» MATERIAL PROVIDED
* * *
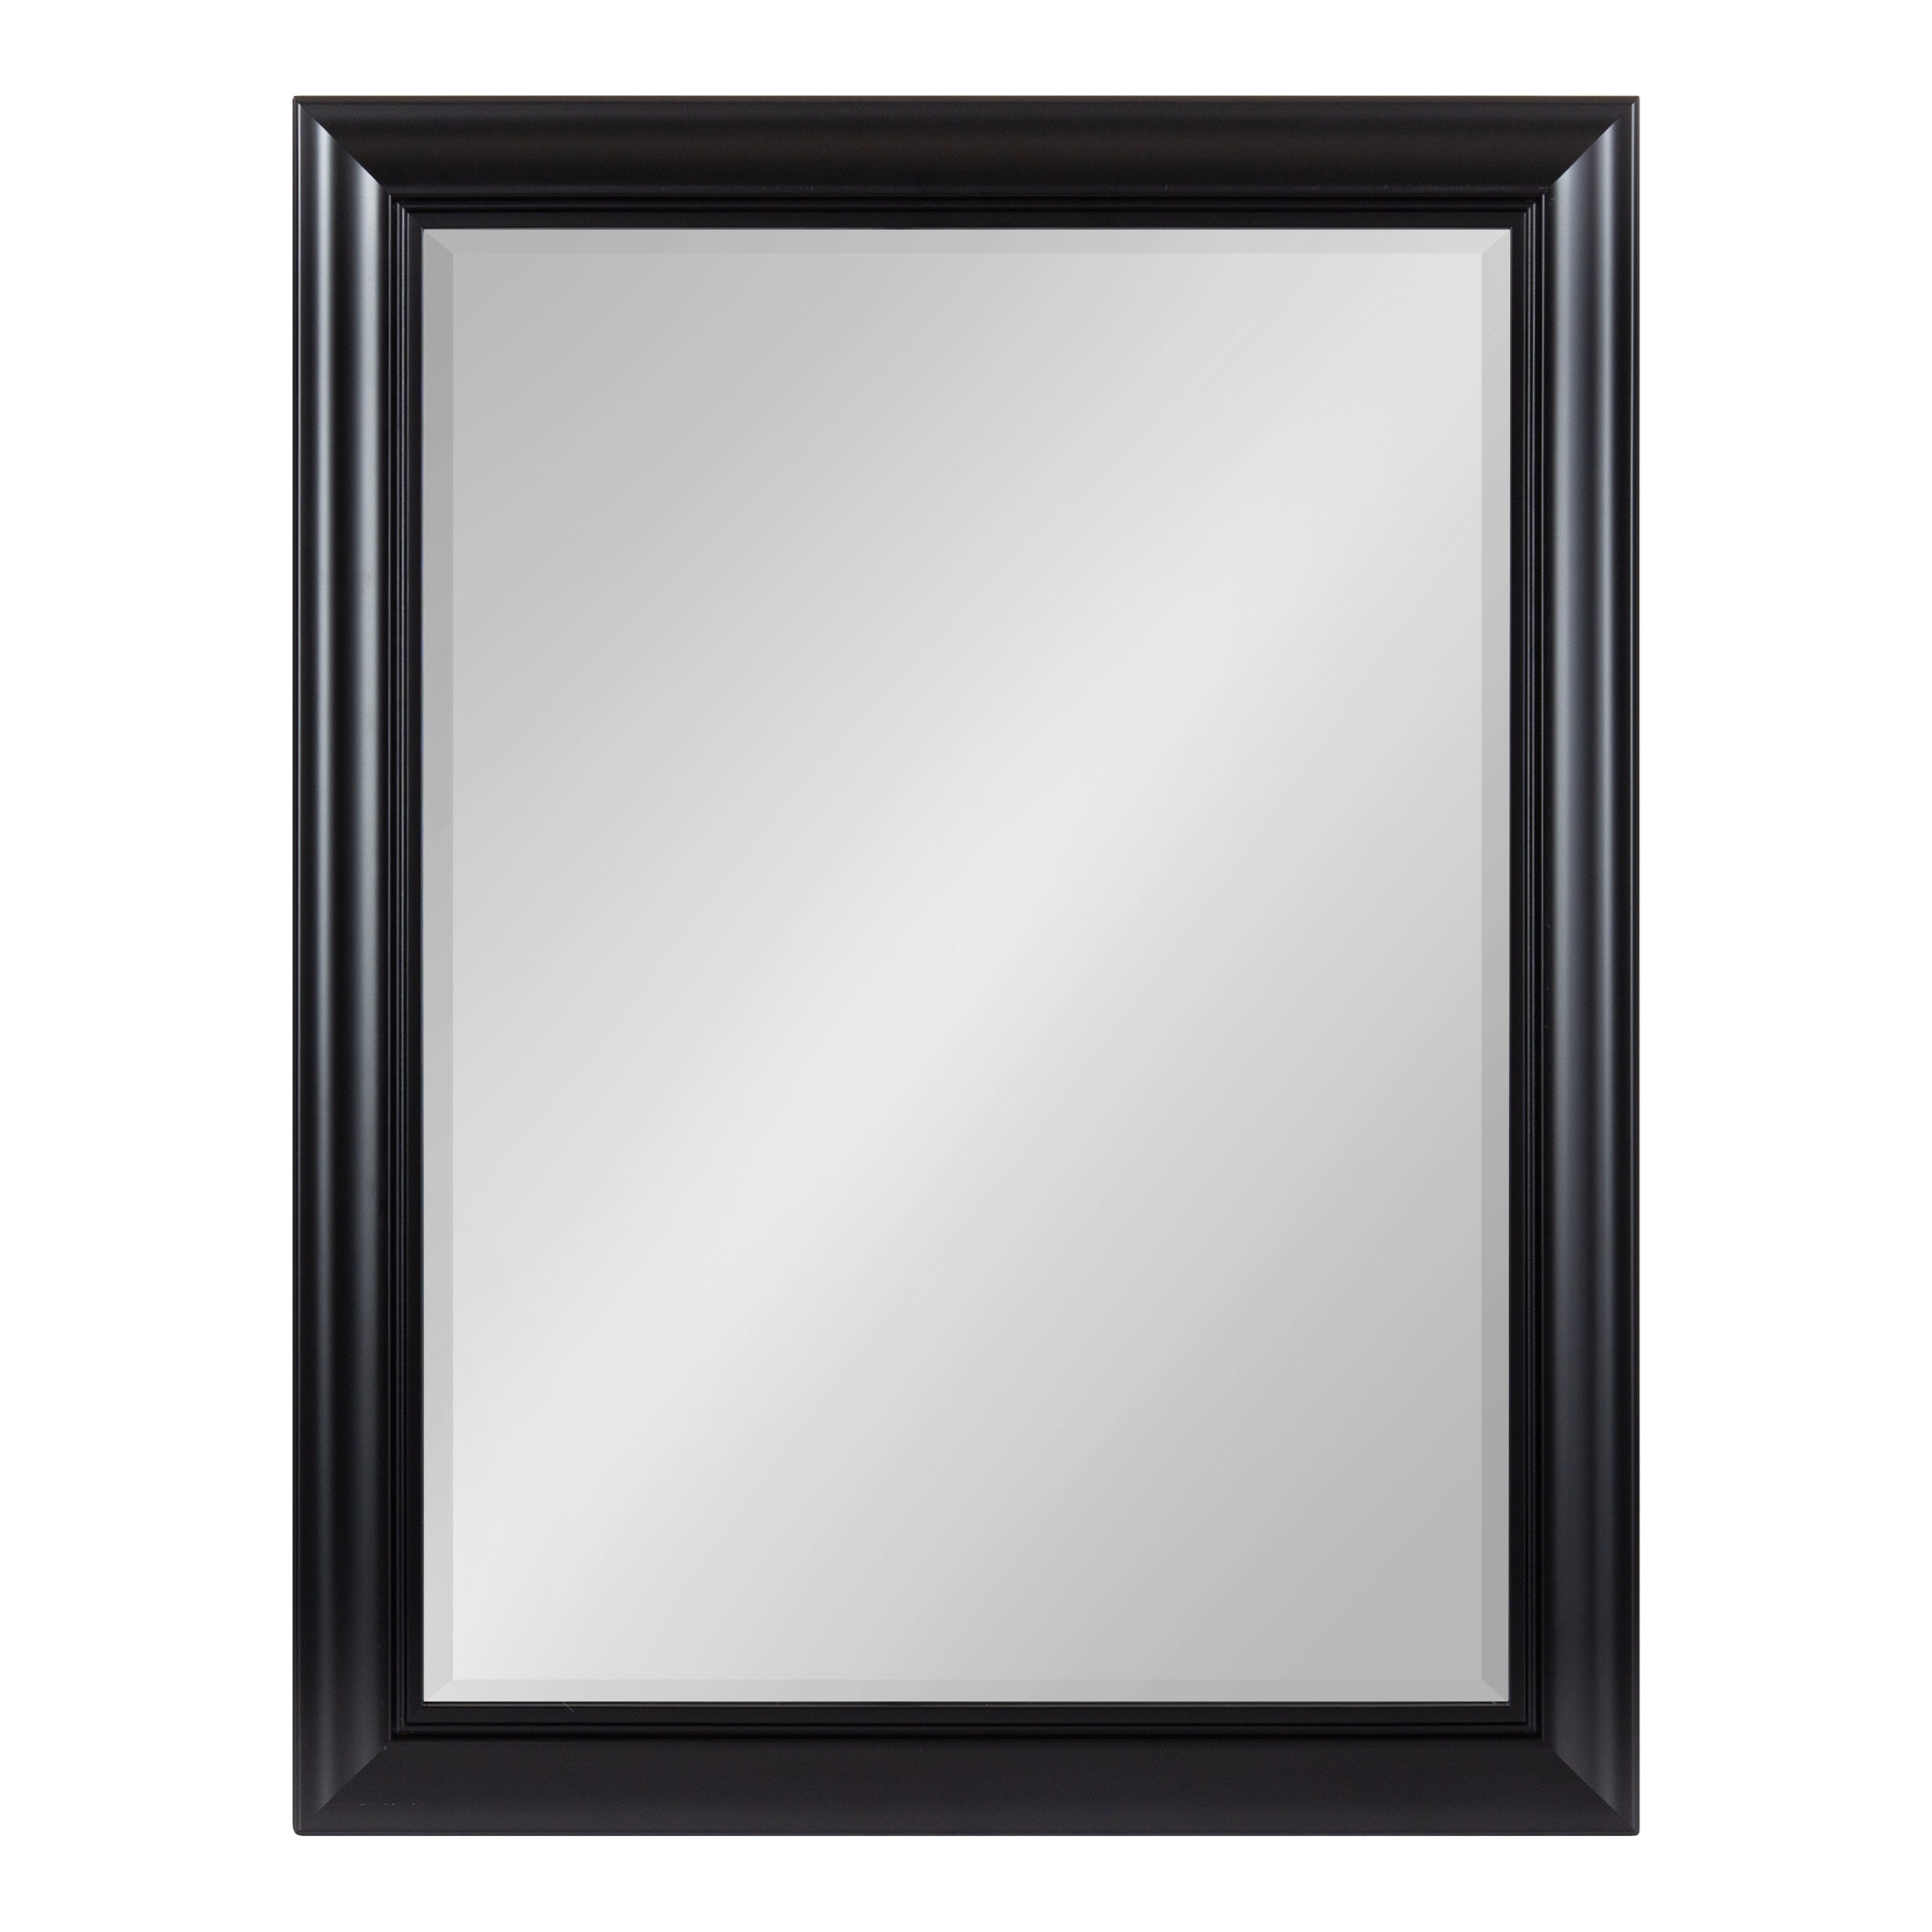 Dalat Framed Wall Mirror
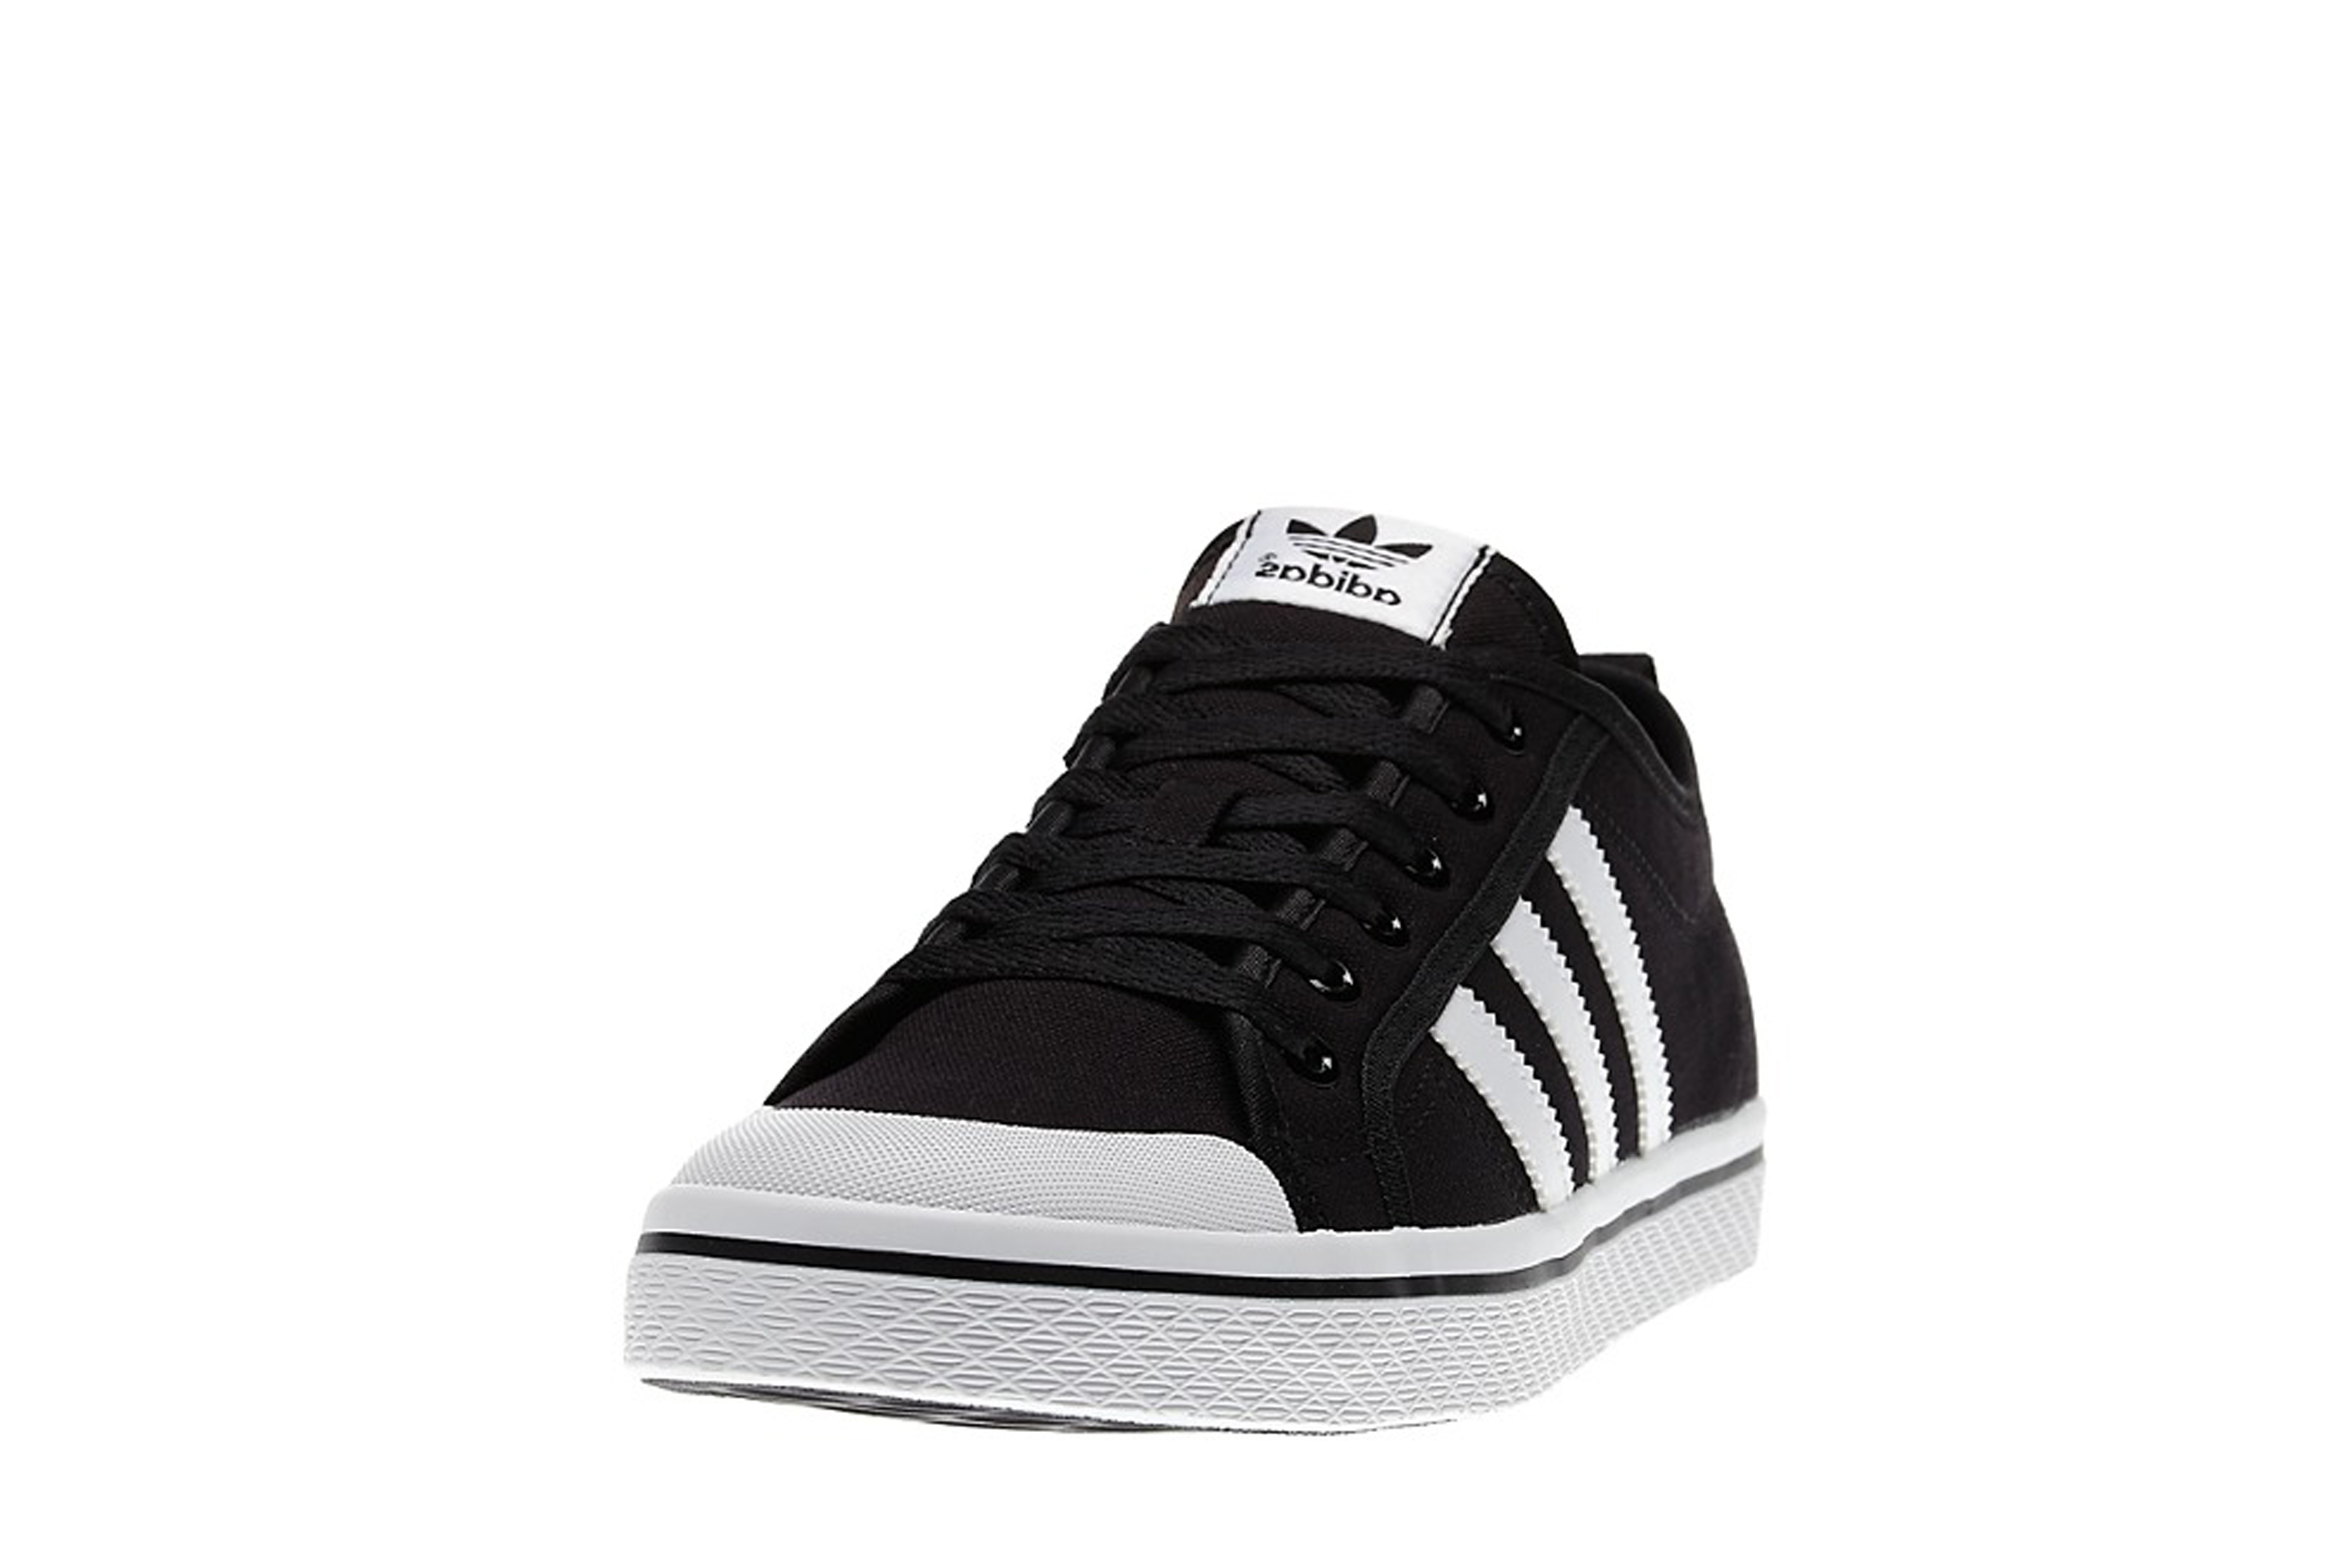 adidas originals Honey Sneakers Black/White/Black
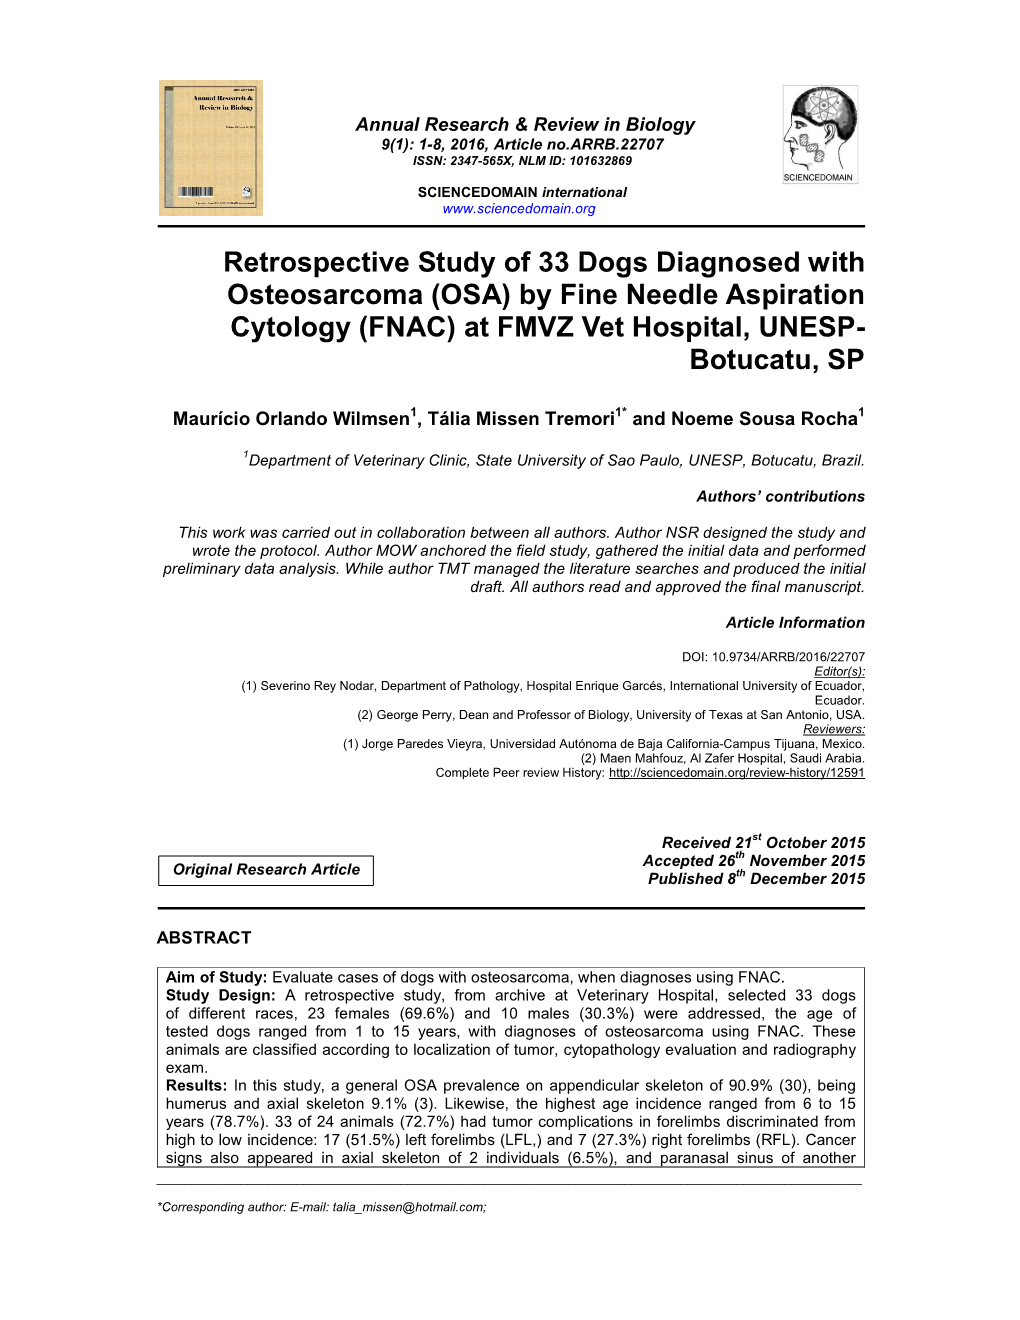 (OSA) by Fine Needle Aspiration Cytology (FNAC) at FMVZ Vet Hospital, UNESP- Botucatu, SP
* * *
With the pictures left out, write out all of the data exactly.

» RESPONSE TO THIS TASK
 Dalat Framed Wall Mirror
 adidas originals Honey Sneakers Black/White/Black
 (OSA) by Fine Needle Aspiration Cytology (FNAC) at FMVZ Vet Hospital, UNESP- Botucatu, SP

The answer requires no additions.